The unicorn (Equus unicornus J.P. Marielle I) is a charismatic and iconic species of the Equidae (Peryssodactyla, Mammalia), forming with its sister species pegasus (Equus alatus S. Barrett) a clade sister to the wild horse and the donkey (Yule et al. 2001). This mysterious Equid is notoriously hard to study, and has been recorded sporadically appearing on all continents. The only known stable populations are recorded in the Arctic circle, Antarctica and the remote island of Tristan da Cunha (Klaus et al.  1993). Unicorns are one of the highest ranking endangered species alongside the Giant Panda (Ailuropoda melanoleuca David) and the Albino Alligator of the NYC sewers (Crocodilus newyorkensis H.G. Rogers), therefore recent studies have concentrated on its habitat, and how it might be affected by global climate warming (IUCN 2012).

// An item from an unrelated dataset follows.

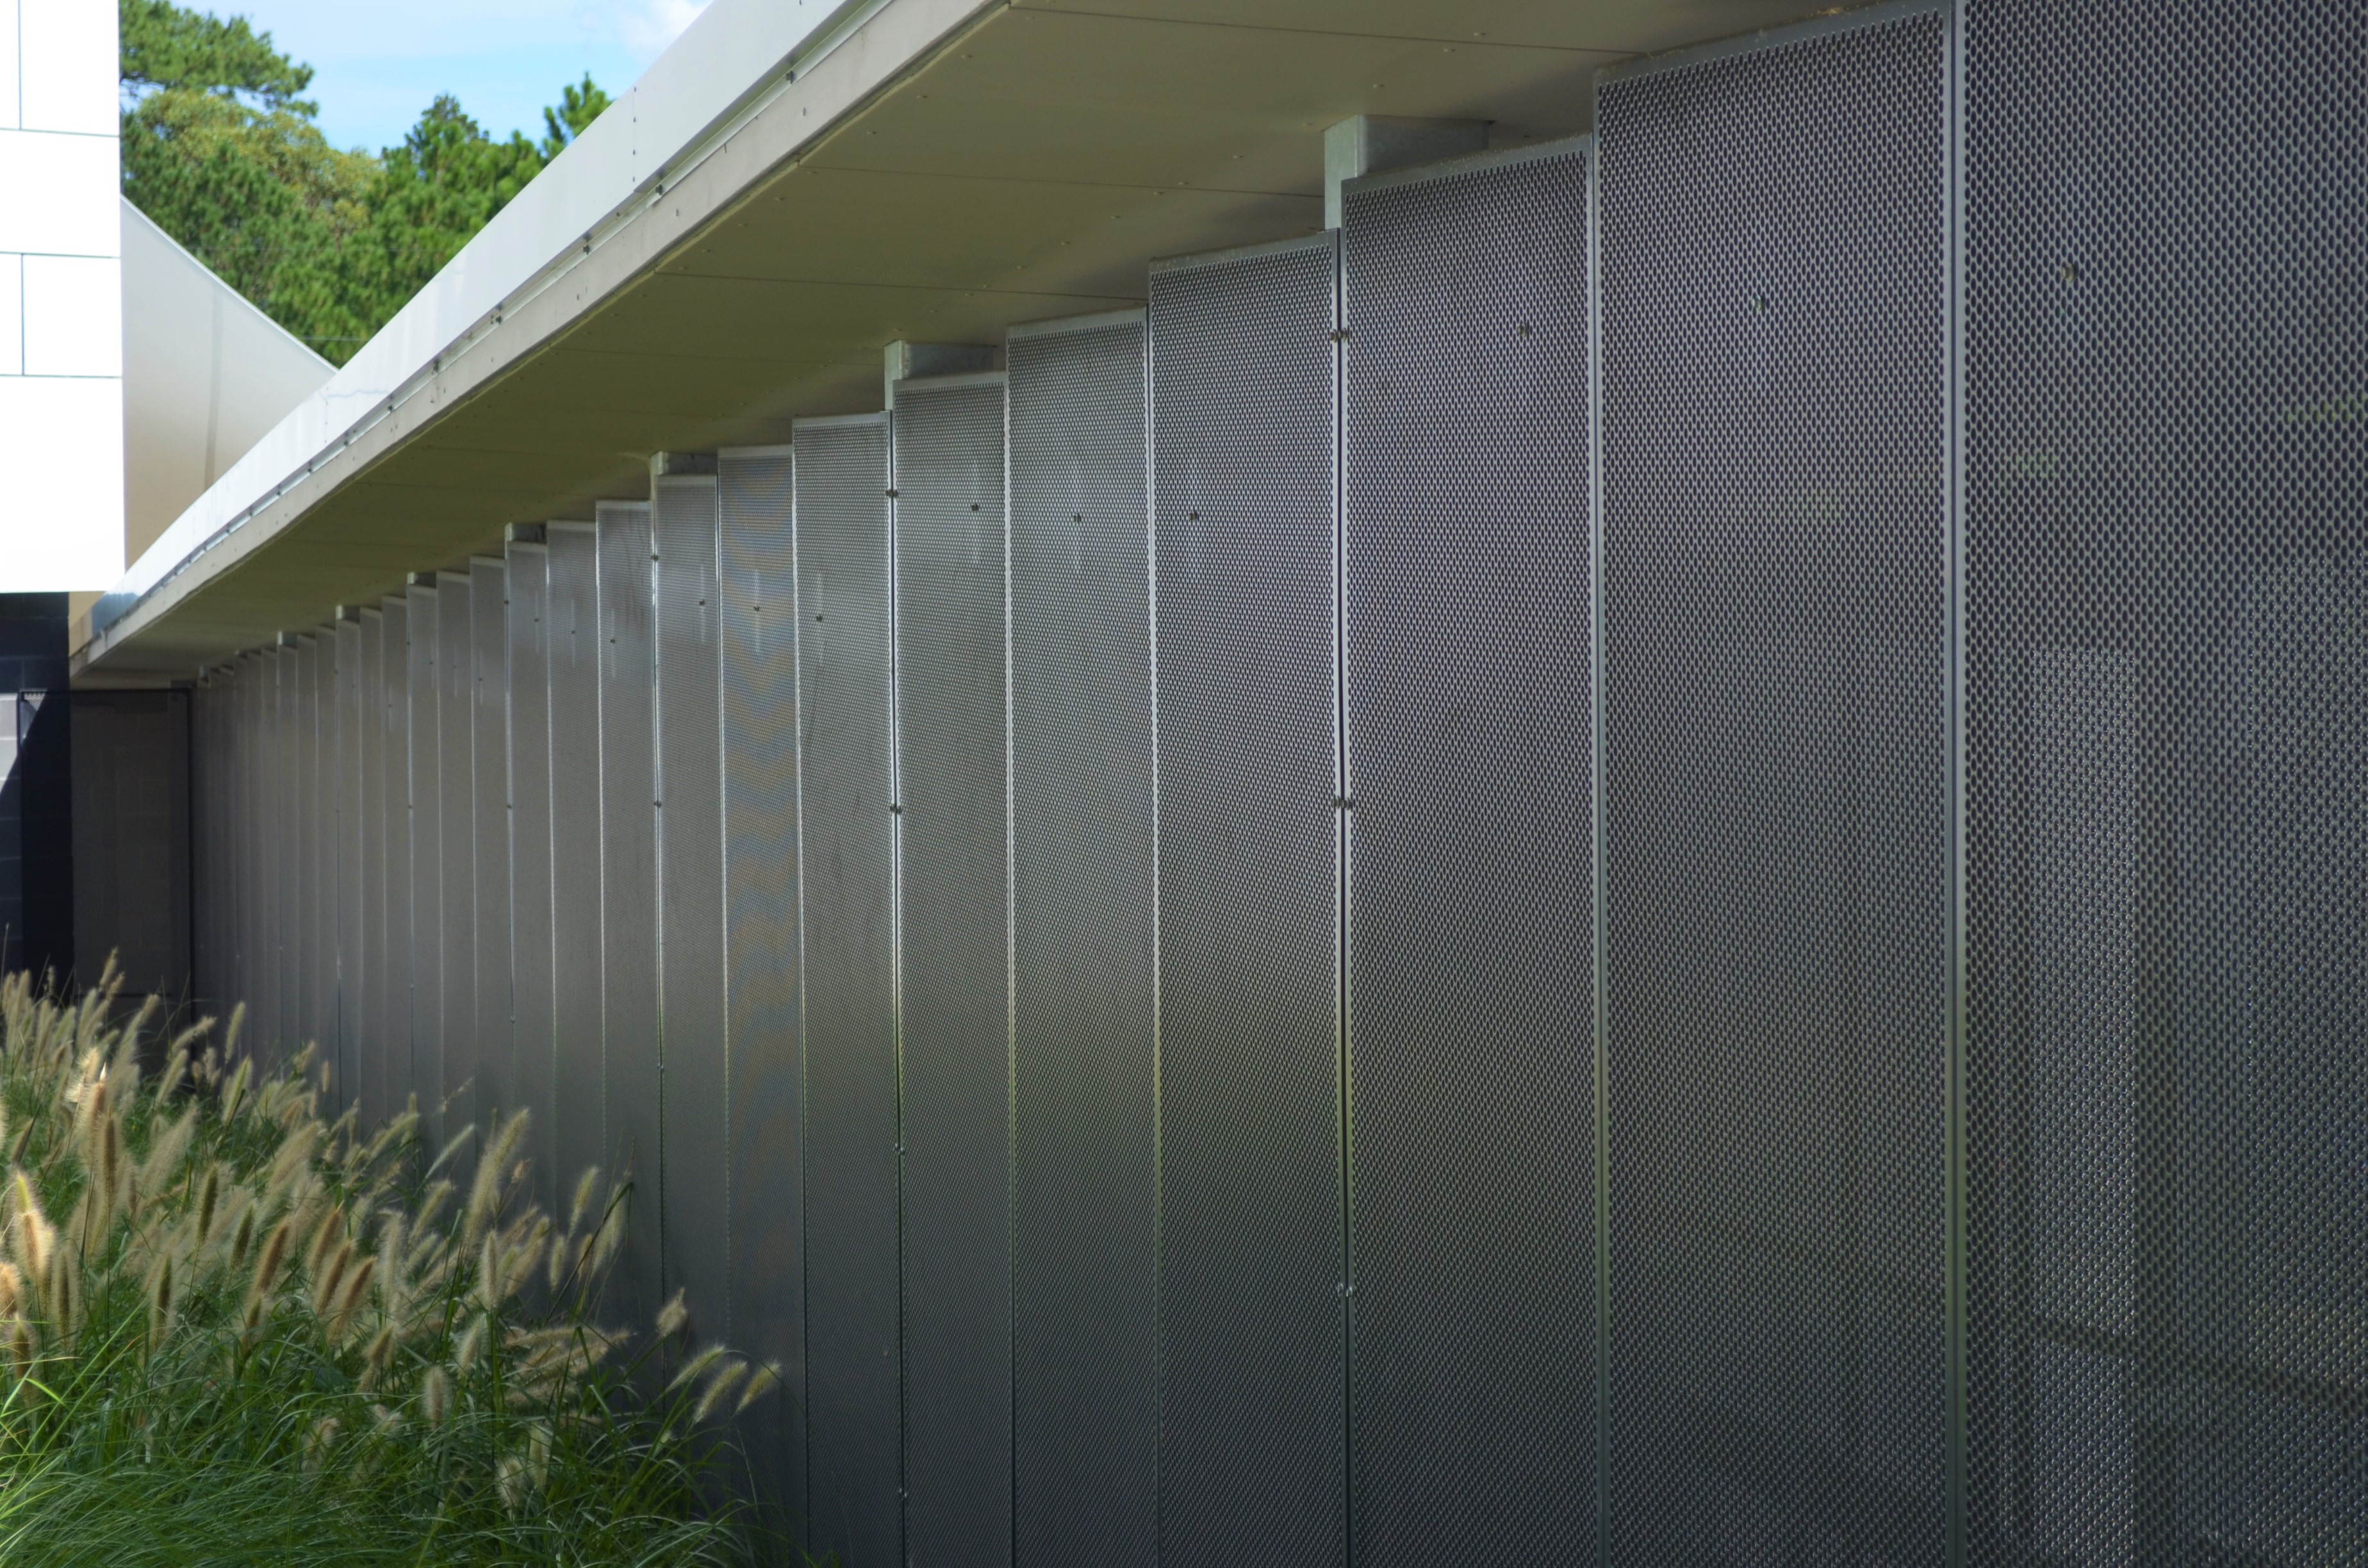 Perforated metal walkway panels - gosford hospital

Future conservation strategies would greatly benefit from a deeper understanding of the evolutionary history of this species.

Today, as far as it is known, this species is threatened mostly by illegal poaching, historically the populations were decimated in Victorian times by the trend of collection of the natural world because of the alleged magical properties of its blood, and the ivory of the horn. This beast has been reduced to sparse populations, hardly spotted in the wild anymore and shrinking (Gold et al. 1991).

This species has been listed as a species of concern by the IUCN because of their low population numbers. The changing of global climate weather patterns is also considered a threat to unicorns because of their well studied and long documented association with rainbows, the occurrence of which will be compromised with shifting precipitation patterns (Ackbar et al. 2006).

The physiology of E. unicornus has always been an enigma mostly due to its chimeric appearance, as it is a mystery in its sister species E. alatus. Evolutionary theory always struggled with the apparent physical adaptations of this clade in the Equidae, so far that for some time the clade was called Chimerae (Mashruk 1972). In the middle of the 20th century there were some speculative studies suggesting the hybrid nature of these animals, however the evidence was never taken seriously and the data were weak. In the 1990s some study suggested the possibility of horizontal gene transfer through virus, however, these data were dismissed as far-fetched fantasies, recurring to a “near-religious illusion on systems science does not yet understand”, the harsh critique of the theory led to a fierce battle over the subject which continued for about a decade (Bond & Penny 2000).

Hybridization is widely known from the plant kingdom (Rieseberg & Carney 1998) and horizontal gene transfer has been repeatedly reported in prokaryotes (Jain et al. 1999). However, these forms of genetic exchange have never been prevalent (or even recorded in the case of horizontal gene transfer) in the Mammalia and never been recorded at such an evolutionary distance between organisms (Equidae and Cetacea).

Here are presented the incongruent results from two phylogenies built with mitochondrial and nuclear genes of E. unicornus showing relatedness to two different orders of the Mammalia.

Materials and Methods


We examined a total of 7 E. unicornus from different populations: 3 from the Arctic, 3 from Antarctica and 2 samples from Tristan da Cunha. The rest of the sequence material used was downloaded from the GenBank website (samples are summarised in Table 1).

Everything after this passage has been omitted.